The selling stockholders and any broker-dealers or agents that participate with the selling stockholders in sales of their shares of our common stock may be deemed to be “underwriters” within the meaning of the Securities Act in connection with such sales. In such event, any commissions received by such broker-dealers or agents and any profit on the resale of such shares purchased by them may be deemed to be underwriting commissions or discounts under the Securities Act.
 
From time to time, the selling stockholders may engage in short sales, short sales against the box, puts and calls and other hedging transactions in our securities, and may sell and deliver their shares of our common stock in connection with such transactions or in settlement of securities loans.

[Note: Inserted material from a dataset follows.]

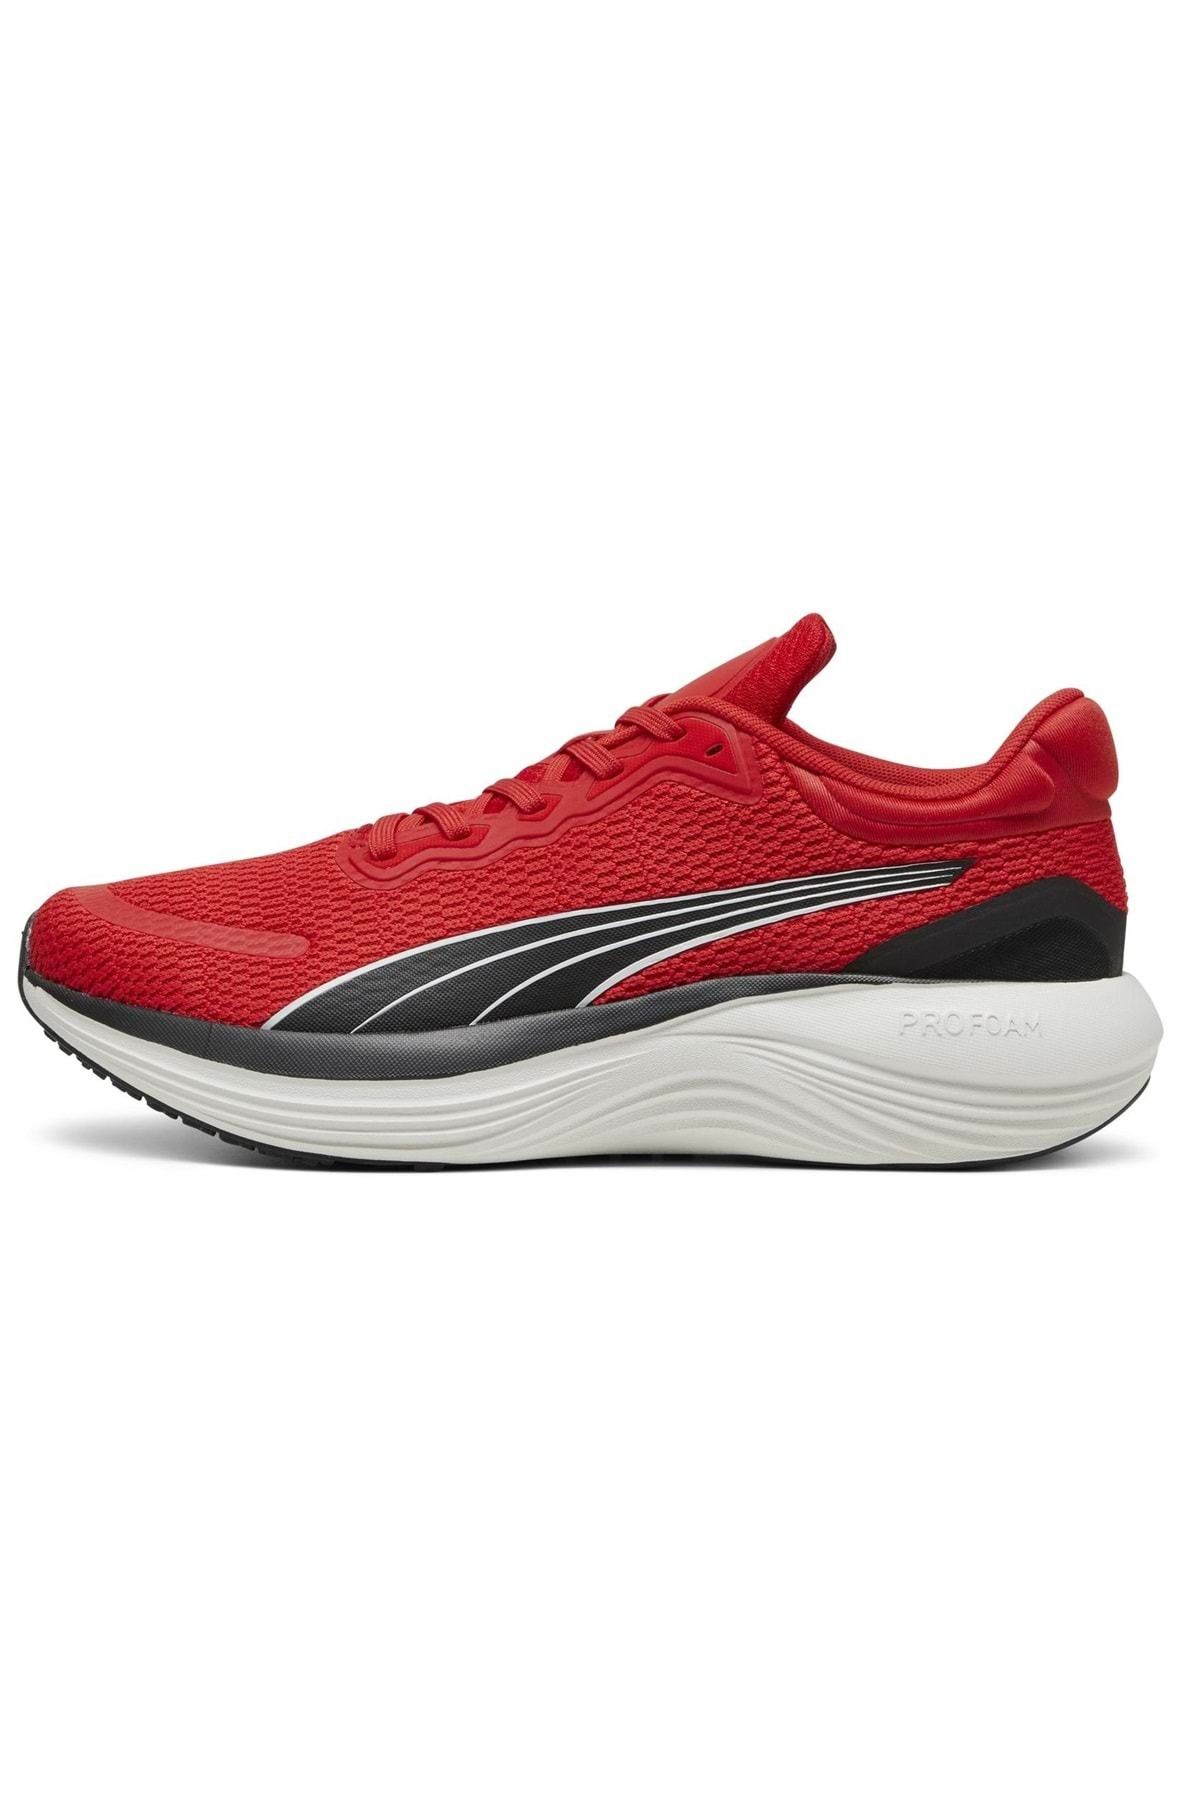 Puma 378776 Scend Pro Koşu Unisex Spor Ayakkabı Kırmızı

These transactions may be entered into with broker-dealers or other financial institutions. In addition, from time to time a selling stockholder may pledge our shares pursuant to the margin provisions of our customer agreements with our broker-dealer. Upon delivery of such shares or a default by a selling stockholder, the broker-dealer or financial institution may offer and sell such pledged shares from time to time.
 
The selling stockholders also may resell all or a portion of the shares in open market transactions in reliance upon Rule 144 under the Securities Act of 1933, provided that they meet the criteria and conform to the requirements of that rule.
 
We are required to pay all fees and expenses incident to the registration of the common stock. We have agreed to indemnify the selling stockholders against certain losses, claims, damages and liabilities.
 
The selling stockholders are subject to applicable provisions of the Securities Exchange Act of 1934 and the SEC’s rules and regulations, including Regulation M, which provisions may limit the timing of purchases and sales of the shares by the selling stockholders.
 
In order to comply with certain states’ securities laws, if applicable, the shares may be sold in those jurisdictions only through registered or licensed brokers or dealers.  In certain states the shares may not be sold unless the shares have been registered or qualified for sale in such state, or unless an exemption from registration or qualification is available and is obtained.